The Wake County Firearms Education and Training Center will reopen to the public on Friday, Oct. 2, thanks to a partnership among Wake County, the Wake County Sheriff’s Office and the N.C. Wildlife Resources Commission.

“We were on track and excited to reopen the range back in March, but we had to put that on hold when the COVID-19 pandemic began,” said Greg Ford, chairman of the Wake County Board of Commissioners. “Staff from our three partner organizations have worked hard to find a way to reopen the range in a way that focuses on safety and mitigates the potential spread of COVID-19.”

The Wake County Firearms Education and Training Center, located at 3921 Old Holly Springs-Apex Road in Apex, will be open to the public from 5-9 p.m. Mondays and Fridays and from 9 a.m. to 7 p.m. Saturdays and Sundays.

The range is free to use. All shooters must watch a range safety and etiquette video before receiving a pass to use the range. Children ages 12-17 must have a waiver signed by their legal guardian and be accompanied by an adult.

“In recent months, we’ve seen a surge in the number of people applying for permits to buy handguns,” Wake County Sheriff Gerald Baker said. “Many of these are first time gunowners, and everyone would benefit from the training and shooting experience available at the Firearms Education and Training Center.”

New safety measures will enable residents to use the range while adhering to the Three Ws to prevent the spread of COVID-19: Wearing a mask, washing hands frequently and waiting six feet apart.
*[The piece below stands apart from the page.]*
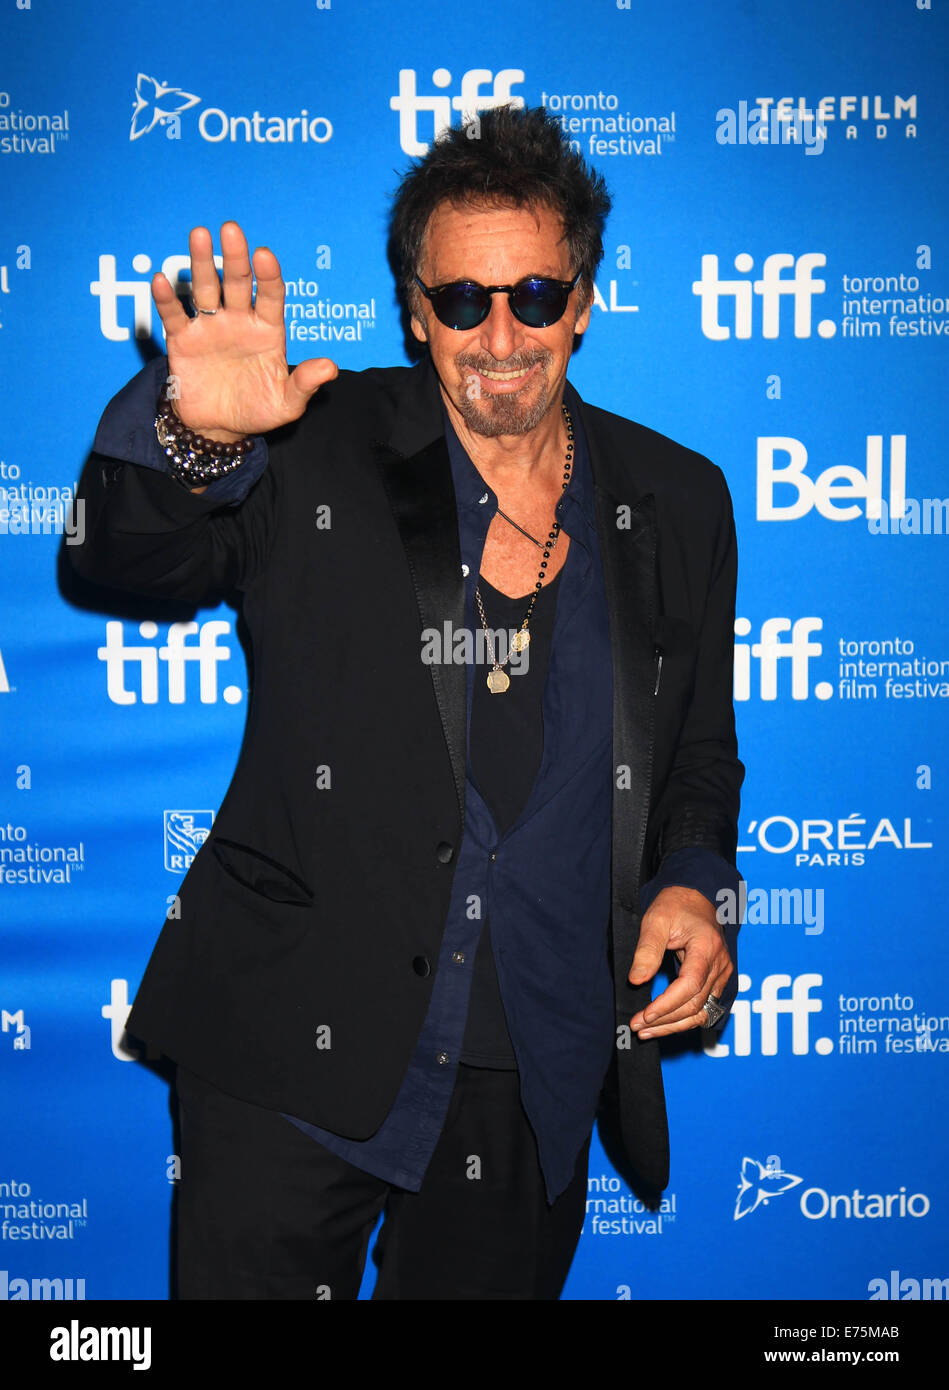 Toronto, Canada. Sep 7, 2014. Al Pacino acteur pose pour des photos lors de la conférence de presse du film 'Manglehorn' lors de la 39e Festival International du Film de Toronto à Toronto, Canada, le 7 septembre 2014. © Zou Zheng/Xinhua/Alamy Live News Banque D'Images

Staff have also implemented new policies and physical changes to the facility to prevent the spread of the coronavirus:

  • Every-other lane will be closed off to keep shooters socially distanced;
  • The public must preregister online to reserve a time and assigned space;
  • Check-in will occur outside; and
  • Chairs are spaced six feet apart in the safety training room.
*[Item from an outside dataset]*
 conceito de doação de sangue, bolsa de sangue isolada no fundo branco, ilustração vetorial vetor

“We operate 14 ranges across the state, and we’re proud to partner with Wake County and the Wake County Sheriff’s Office to give Wake County residents a place to practice shooting and learn firearm safety,” said Kristopher Smith, N.C. Wildlife Resources Commission wildlife education division chief. “COVID-19 created new challenges, and we have worked with our partners to provide this service while preventing the spread of the virus.”

There are no retail operations at the Wake County Firearms Education and Training Center. Visitors should bring their own targets, ammunition, ear and eye protection and anything else they plan to use.

The N.C. Wildlife Resources Commission has created a website with information about how the range will operate for the public.